Are you using WhatsApp?
If you are one of the over a billion digital citizens across the world using WhatsApp, the world’s most popular messaging platform, then be warned that your messages can be intercepted and manipulated by a threat actor who is out on a mischief.
It’s because – as reported by Check Point Software Technologies Ltd. – WhatsApp has been found to have a weak spot that renders s it susceptible to hacking. Check Point is an Israeli firm that focused, among others, on IT security.
McGallen and Bolden Asia noted that there are over one billion people who use WhatsApp monthly as their primary messaging platform.
WhatsApp, like other messaging platforms, it said, has “frequent and continuous improvements” for users’ better experience and more importantly for their security.
But the platform “is not immune from flaws, just as any complex software are (as shown by the countless vulnerabilities and flaws by all software today, whether desktops, servers, mobiles or IoT (Internet of Things).”
Hackers don’t do it for fun, right?
The cyber bad guys most likely do it for money; other threat actors do it too to steal a country’s secrets for political purposes. And threat actors can be an individual, a group, a government, a nation.

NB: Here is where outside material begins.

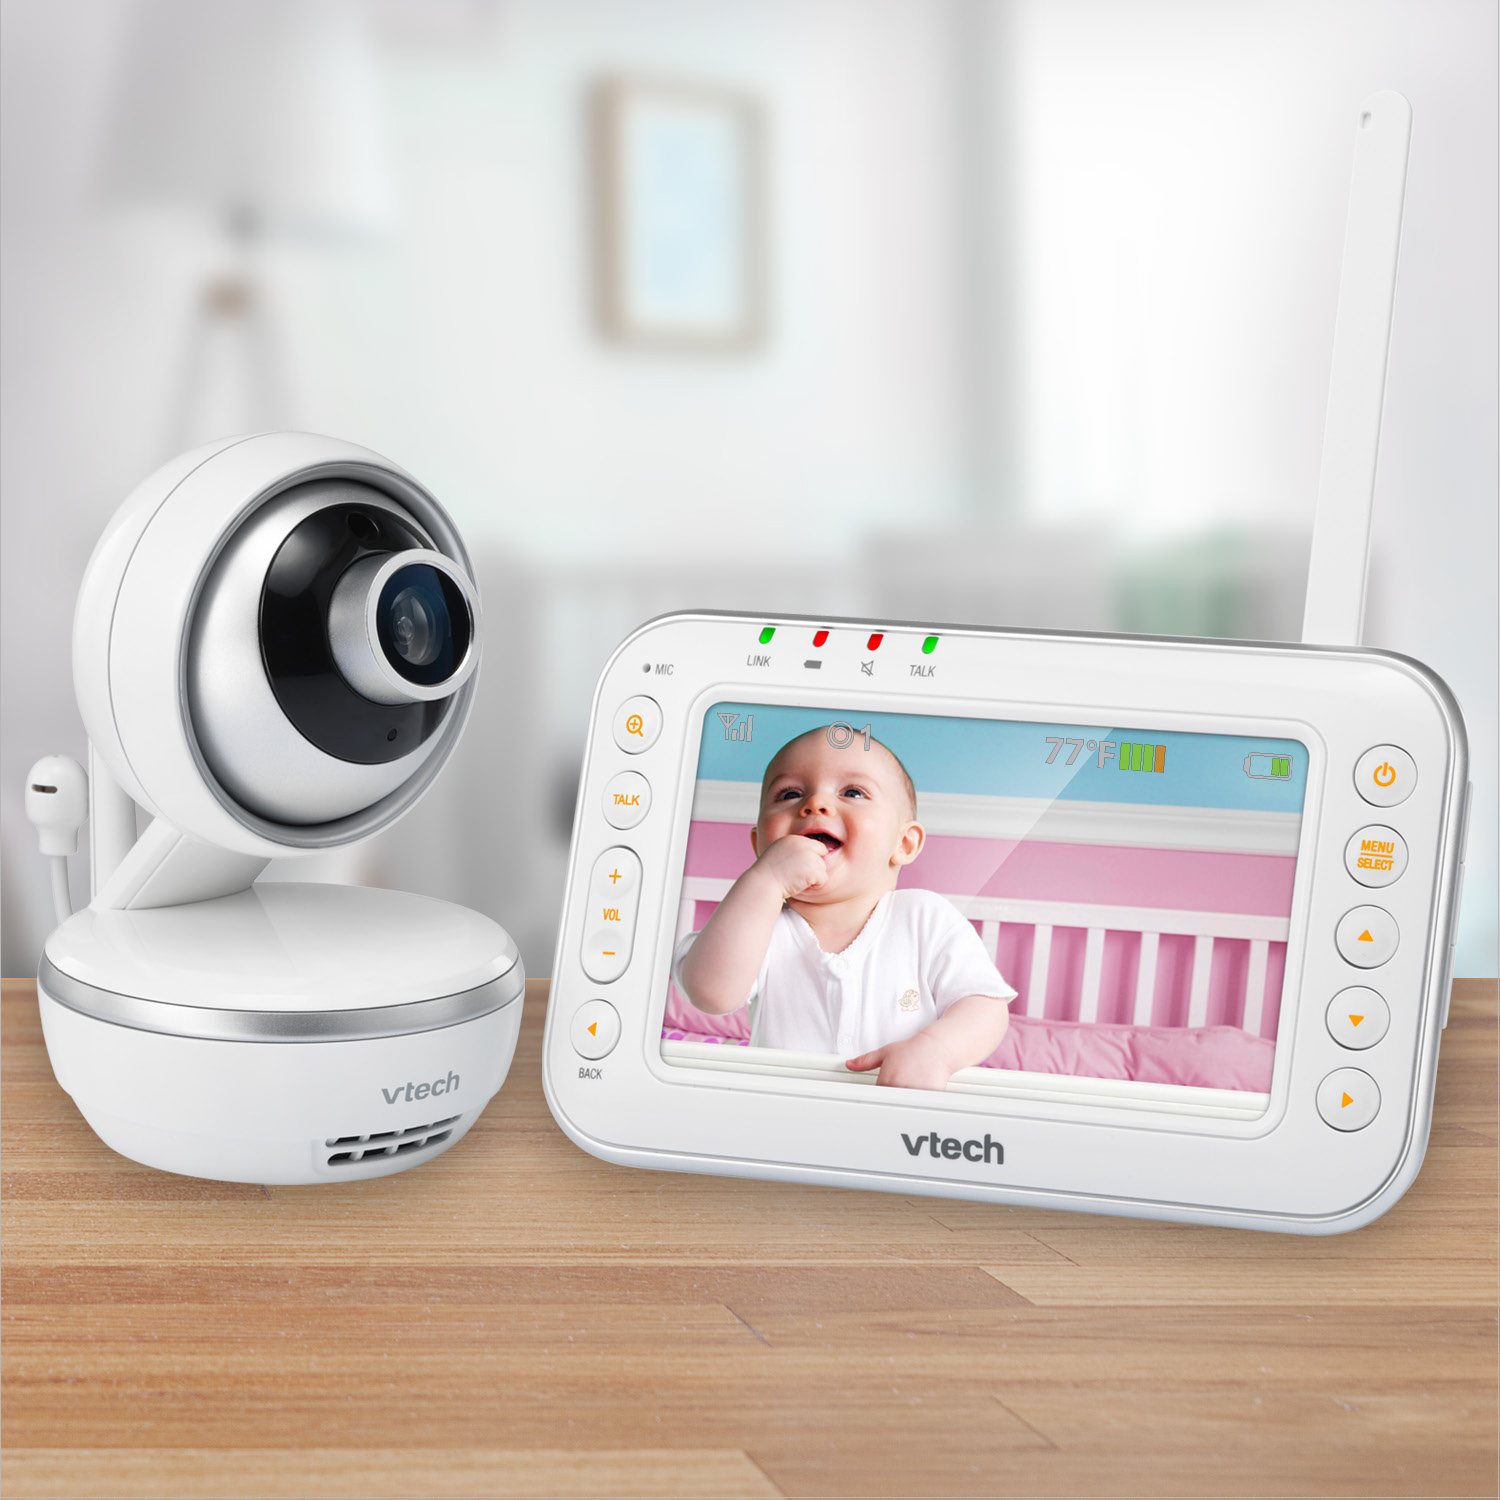 VTech VM4261, 4.3" Digital Video Baby Monitor with Pan & Tilt Camera, Wide-Angle Lens and Standard Lens, White - image 7 of 13

According to Hui Peng of McGallen and Bolden, Check Point has reported a “disturbing revelation” uncovered by its researchers concerning WhatsApp.
“Check Point Software researchers uncovered a flaw in WhatsApp that hackers can use to intercept and manipulate messages sent by people in a group or private conversation, perhaps for fake news dissemination or other deception,” he said.
A look at the report showed the vulnerabilities in WhatsApp could be leveraged as a vehicle to spread scams and fake news.
The Israeli tech company said that through the flaw its researchers uncovered, “attackers can put themselves in a position of immense power to not only steer potential evidence in favor but also create and spread misinformation.”
There are three ways the vulnerability can be a point of attacks, such as:
- Changing a reply from someone to put words into their mouth that they did not say.
- Quoting a message in a reply to a group conversation to make it appear as if it came from a person who is not even part of the group.
- Sending a message to a member of a group that pretends to be a group message but is in fact only sent to this member. However, the member’s response will be sent to the entire group.
Putting into practice the process of Responsible Disclosure, the researchers’ team headed by Oded Vanunu, Check Point’s head of Product Vulnerability Research, communicated their findings to WhatsApp. “We believe these vulnerabilities to be of utmost importance and require attention,” the team said.
Moreover, Vanunu said WhatsApp’s popularity makes it potential for scams.”Given WhatsApps’ prevalence among consumers, businesses, and government agencies, it’s no surprise that hackers see the application as a five-star opportunity for potential scams. As one of the main communication channels available today, WhatsApp is used for sensitive conversations ranging from confidential corporate and government information to criminal intelligence that could be used in a court of law,” he said.
Read Also: Our Phones Affect Our Relationships
Check Point said the instant messaging platform, which is owned by Facebook, has at present more than 1.5 billion users, has over one billion groups, and with a traffic of 65 billion messages transmitted every day.
But it has also been a platform for various scams, like a fake supermarket, airline giveaways, and election tampering because threat actors have countless ways to manipulate unsuspecting users, the tech company said.